Supplied material:
◇ ◇ ◇ ◇
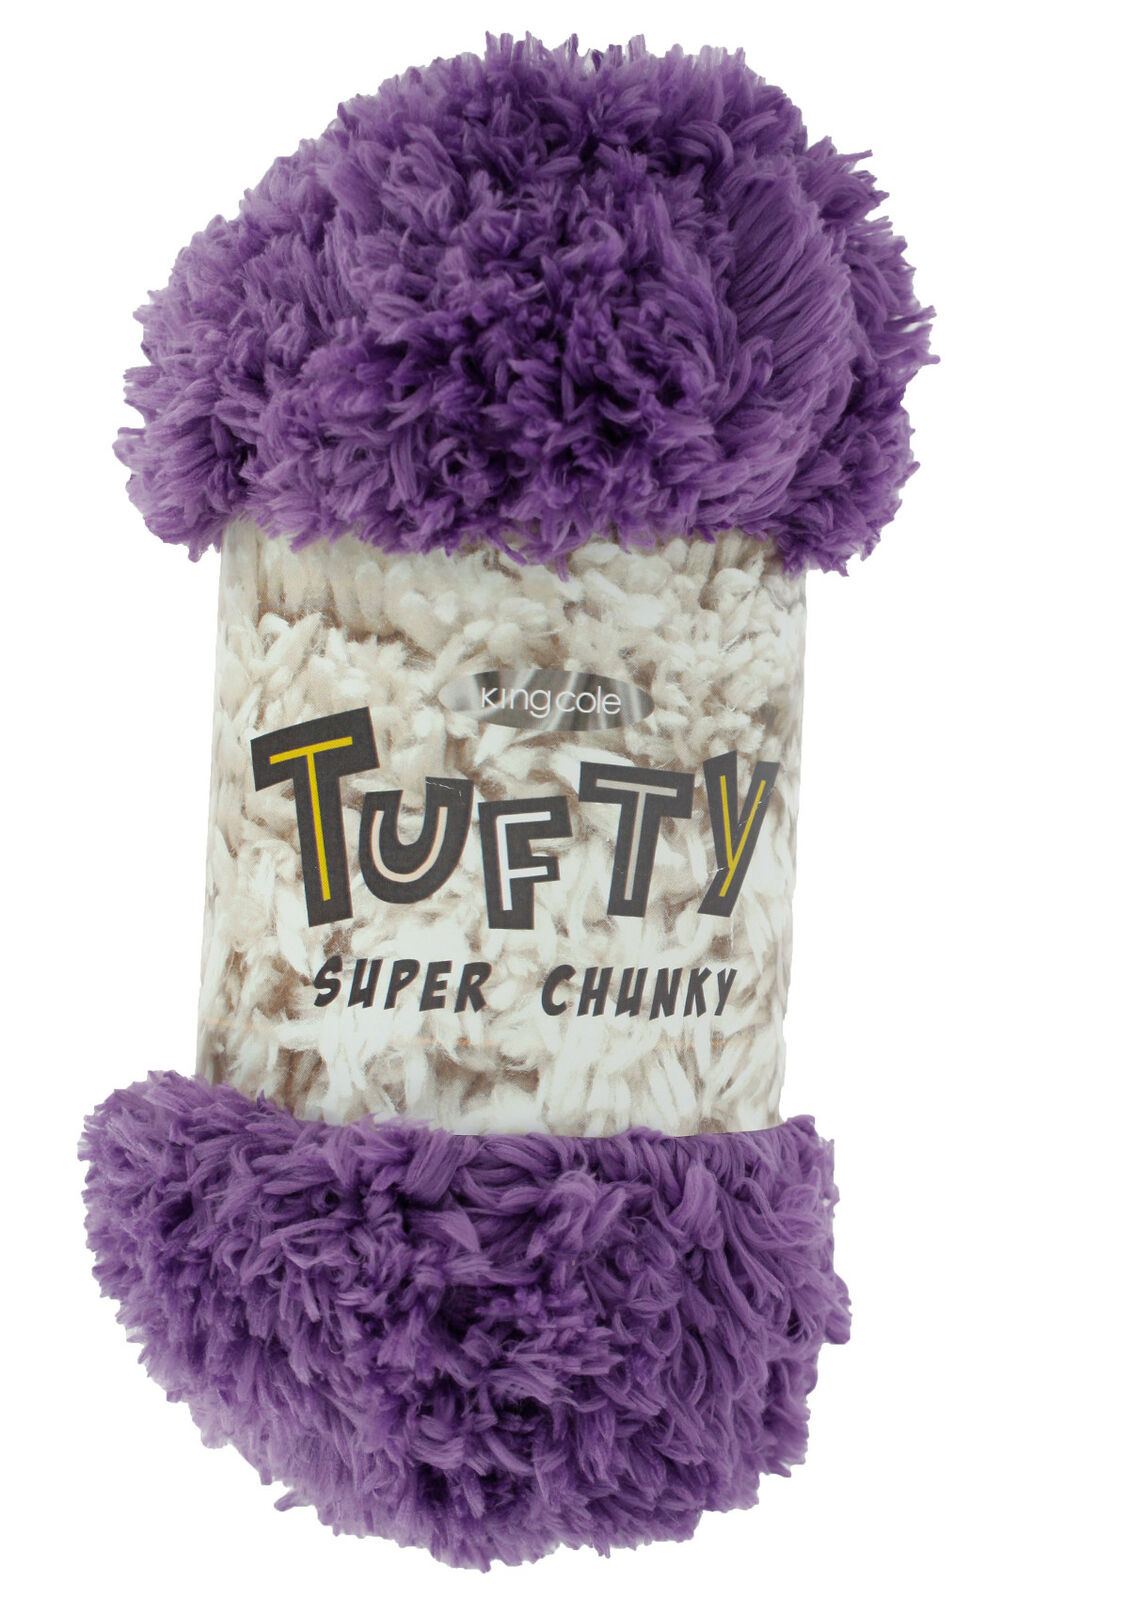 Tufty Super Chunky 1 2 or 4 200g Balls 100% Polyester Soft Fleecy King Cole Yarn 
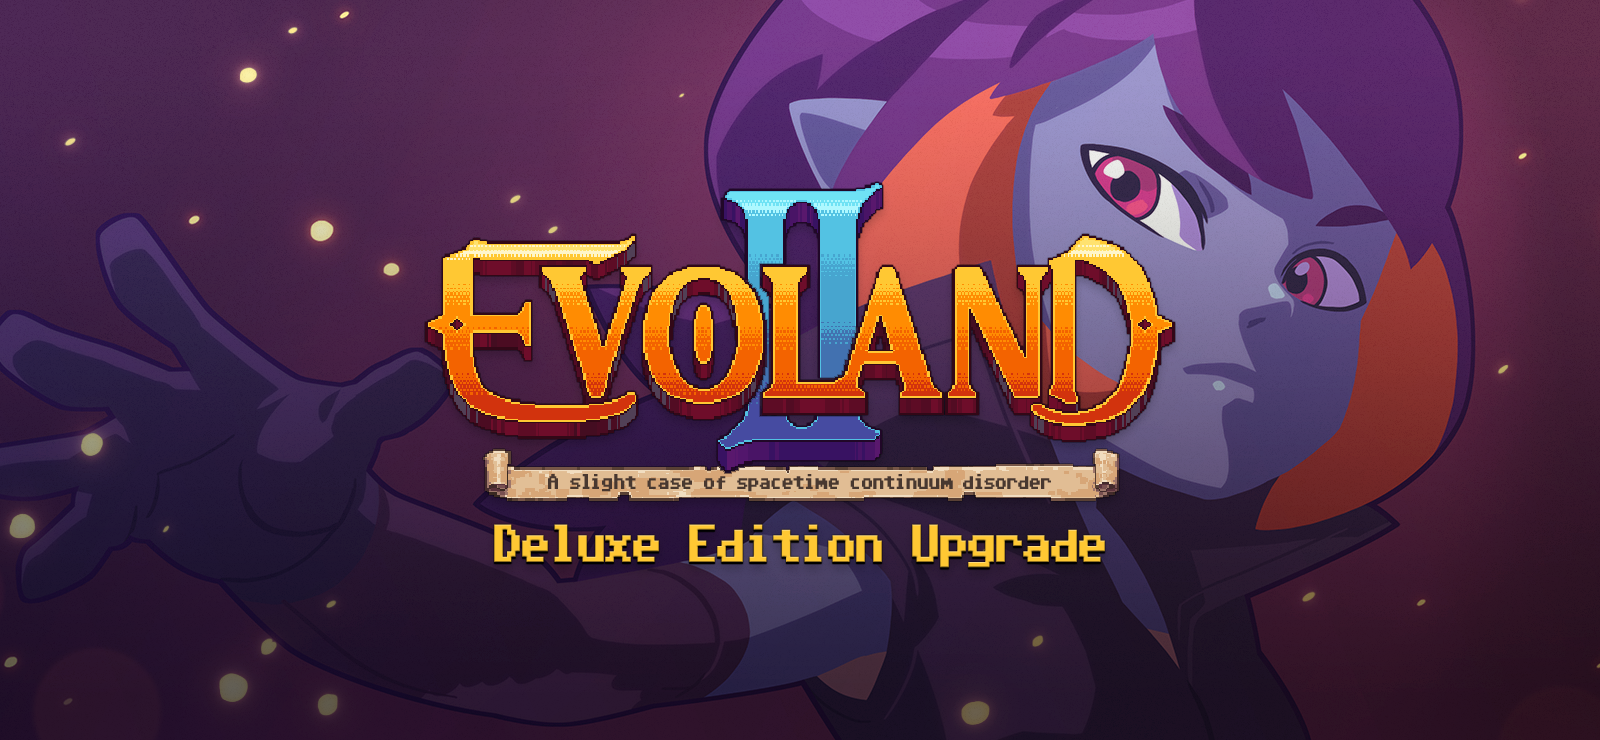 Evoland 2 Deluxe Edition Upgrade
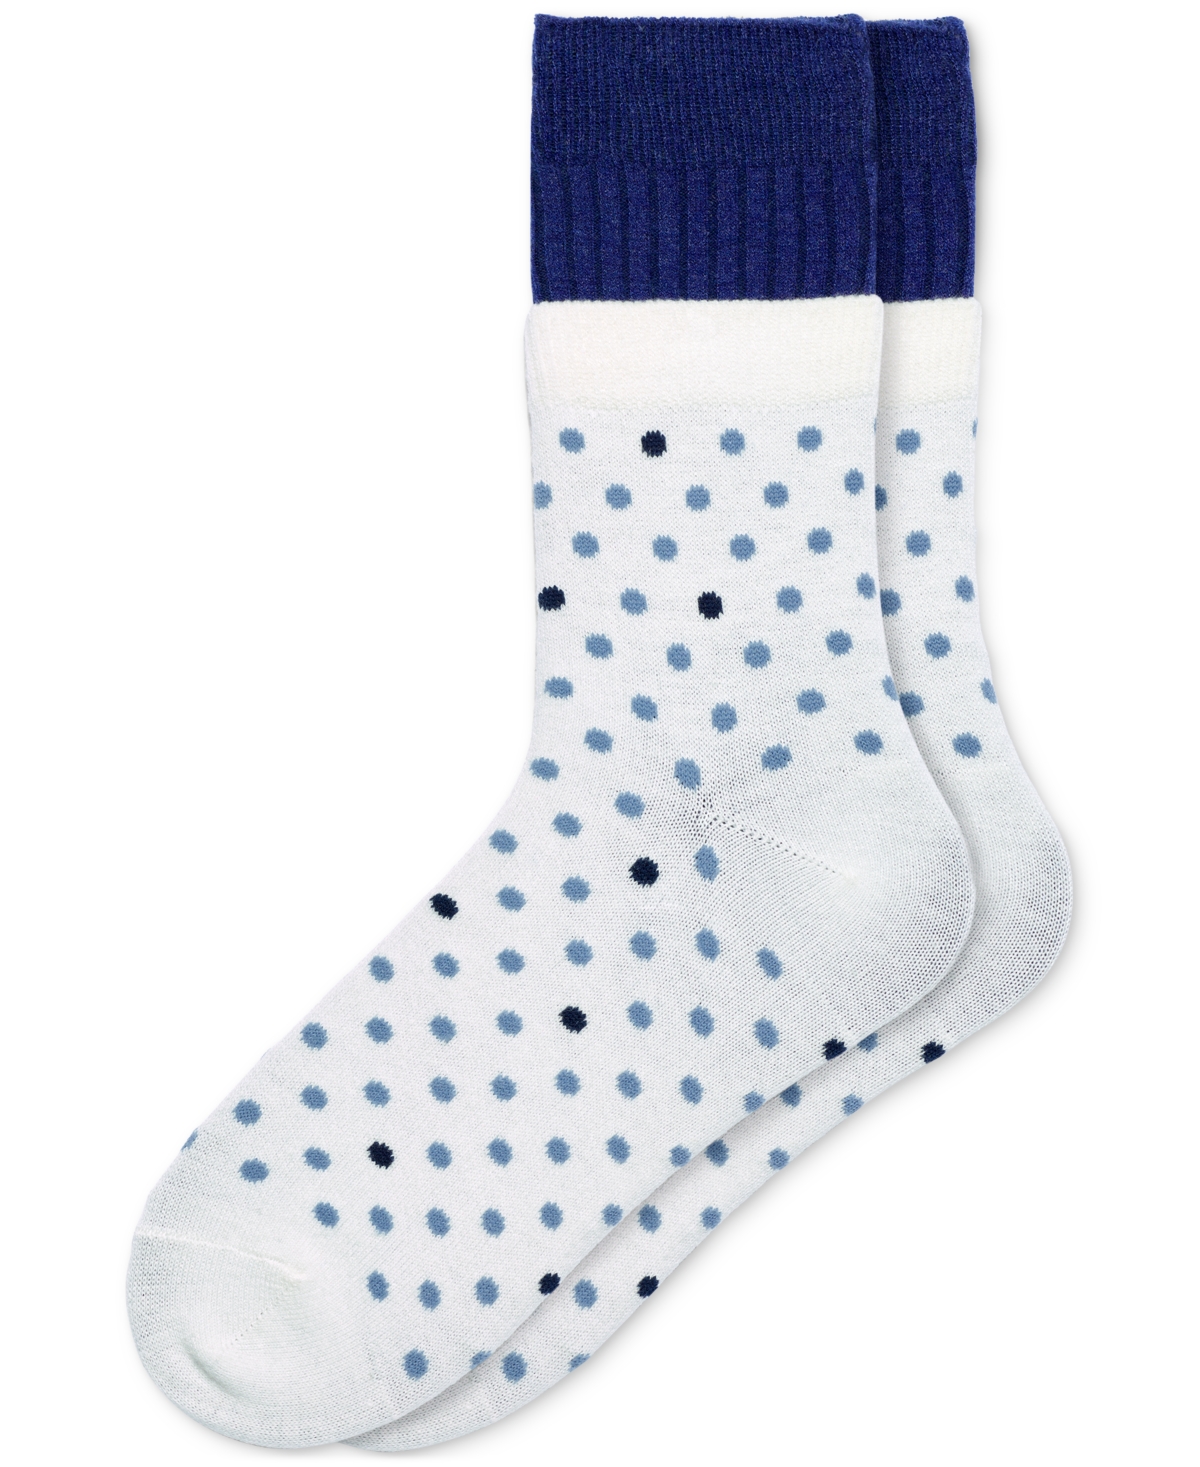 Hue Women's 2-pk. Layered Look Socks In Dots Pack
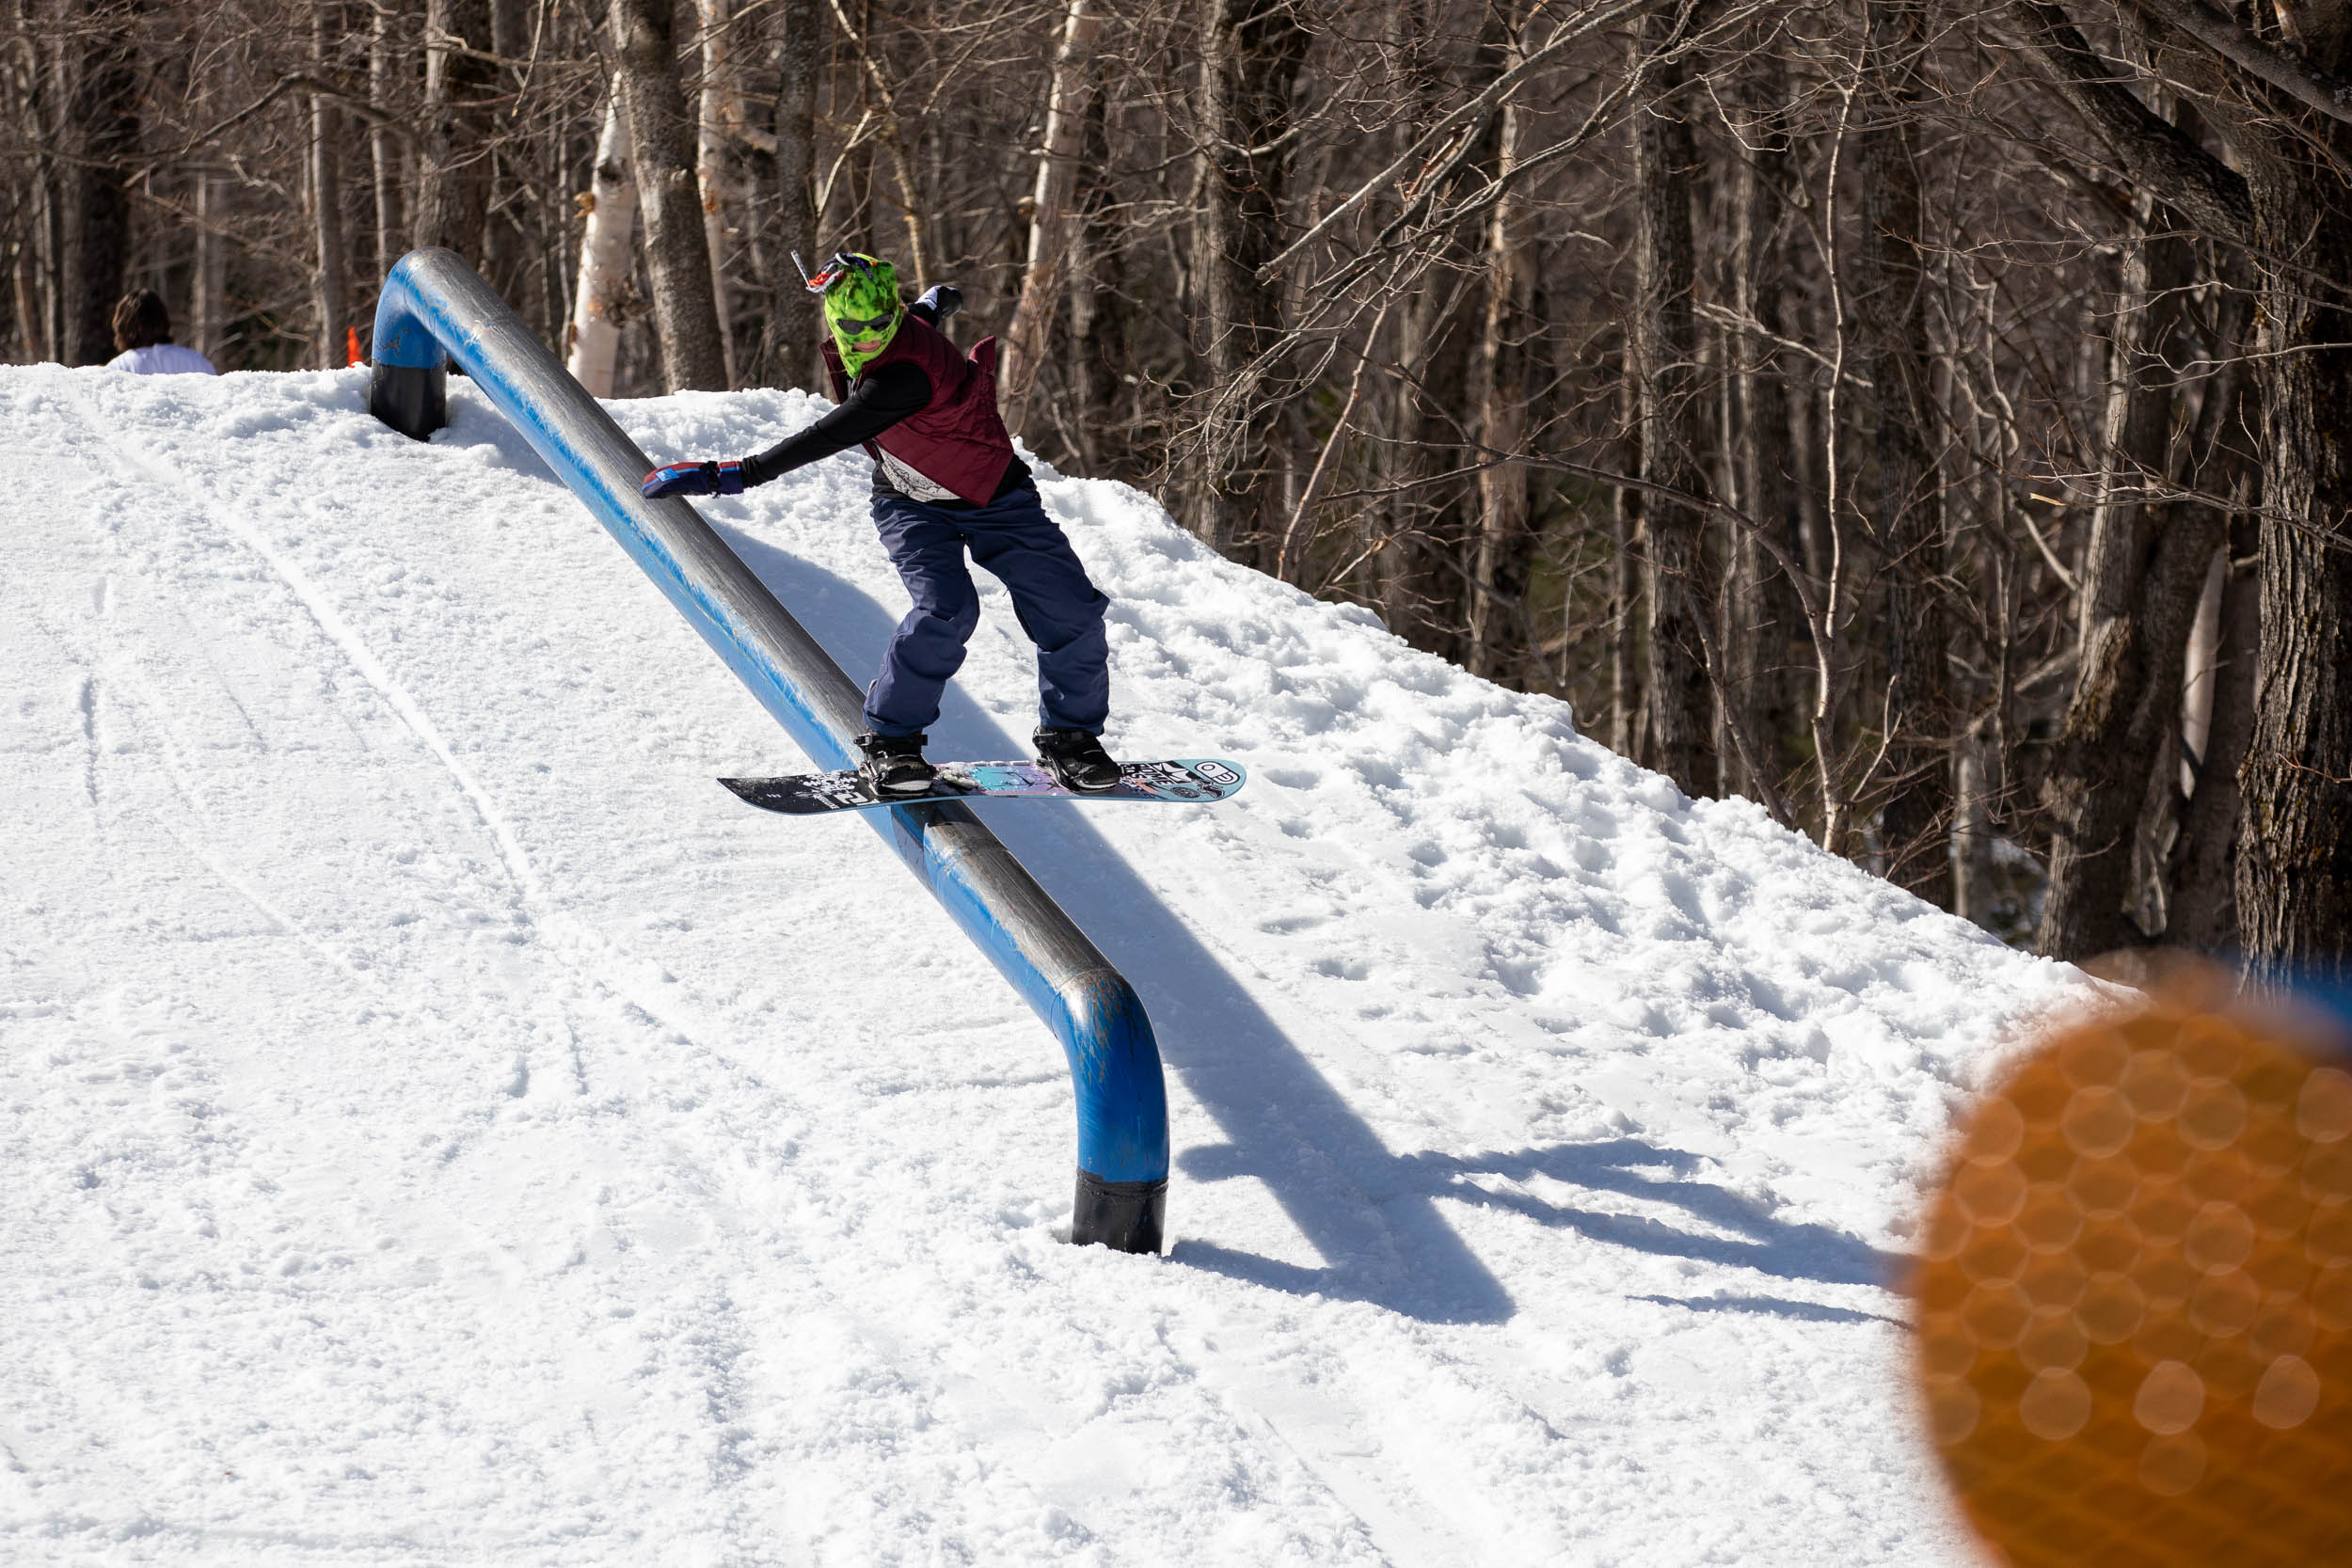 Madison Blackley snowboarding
◇ ◇ ◇ ◇
The task: Starting at the line that holds "Hue Women's 2-pk.", copy each line exactly through the end of the listing, both ends included. Leave the pictures out.

Result:
 Hue Women's 2-pk. Layered Look Socks In Dots Pack
 Madison Blackley snowboarding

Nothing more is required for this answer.